Task description: In the data below, begin at the line with "Baby Corner Protector - 20PCS - Referdeal" and stop after the line with "Nusyl Lines Printed Navy Blue Boys Shorts"; output those lines exactly and no pictures.

Data supplied:
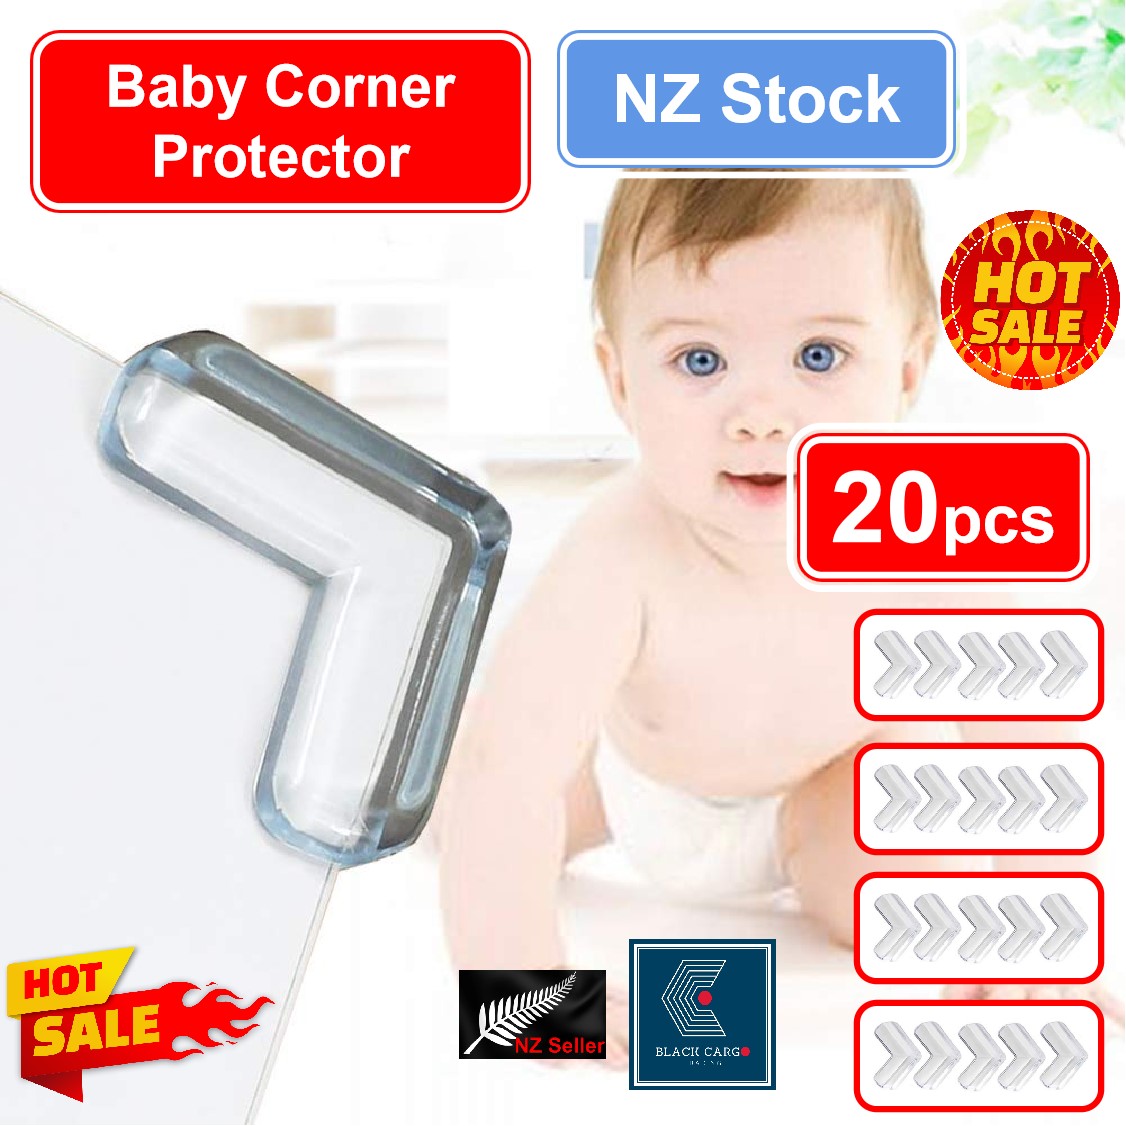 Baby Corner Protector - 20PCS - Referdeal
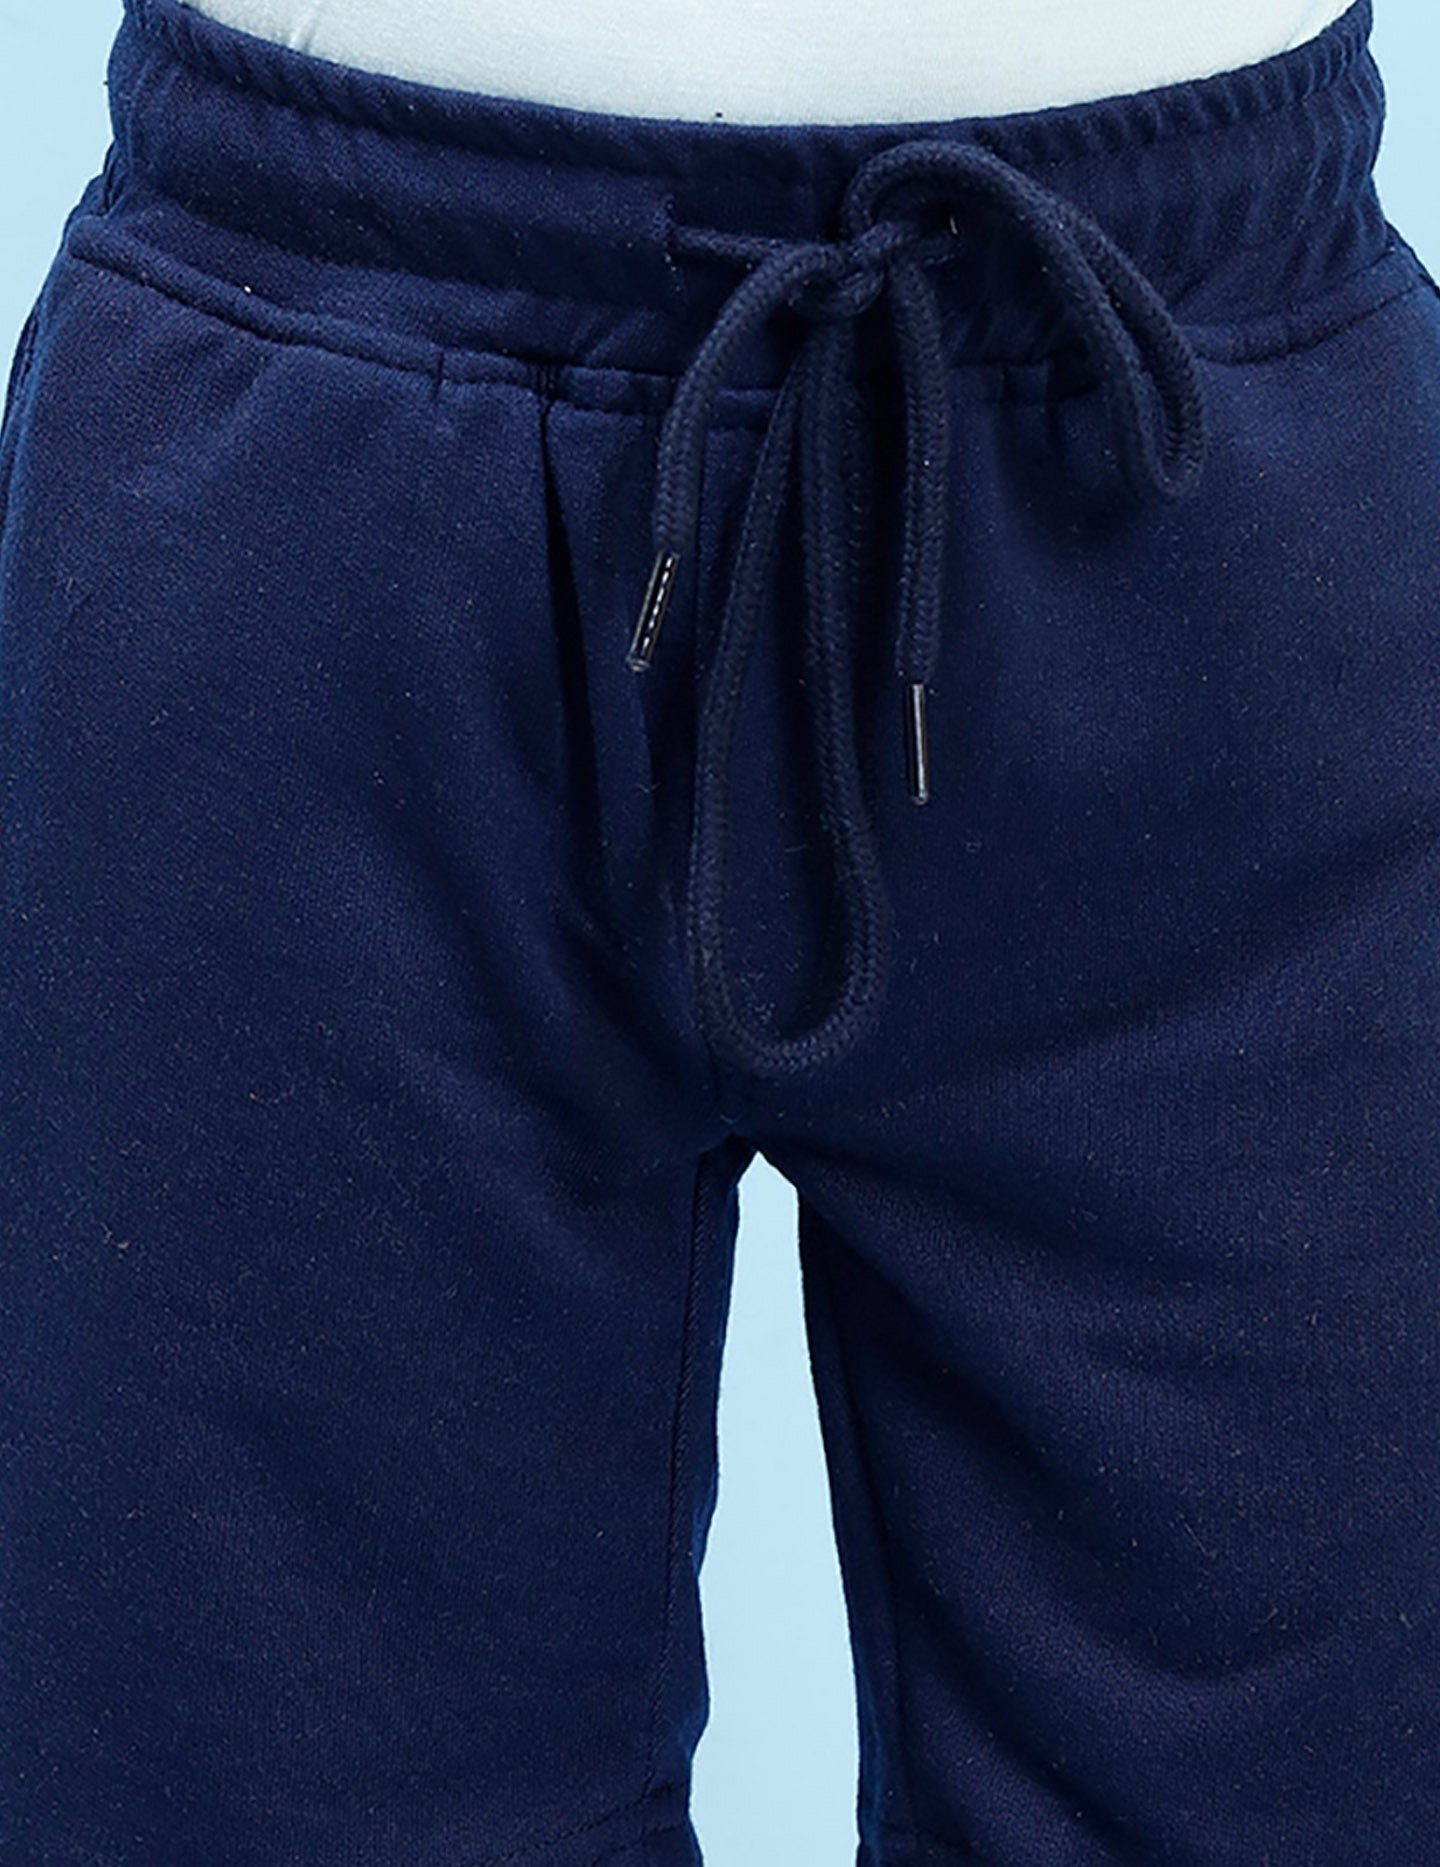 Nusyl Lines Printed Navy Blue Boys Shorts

* * *

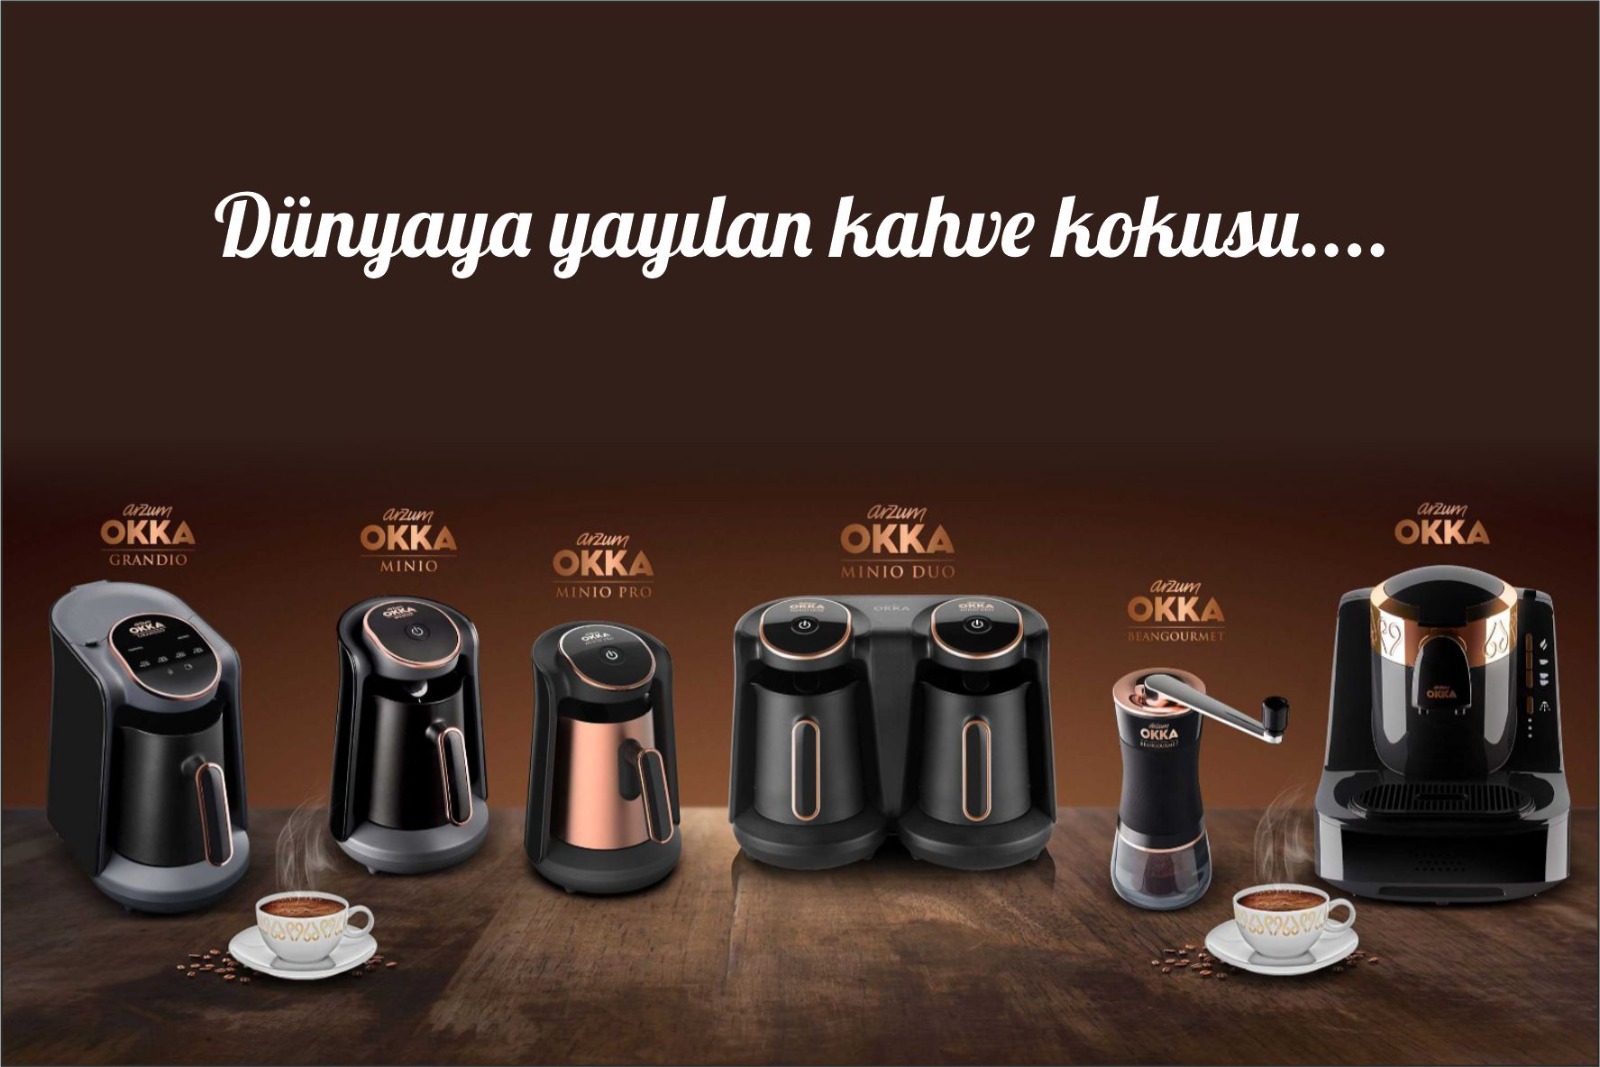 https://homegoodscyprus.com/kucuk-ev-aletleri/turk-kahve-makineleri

Response:
 Baby Corner Protector - 20PCS - Referdeal
 Nusyl Lines Printed Navy Blue Boys Shorts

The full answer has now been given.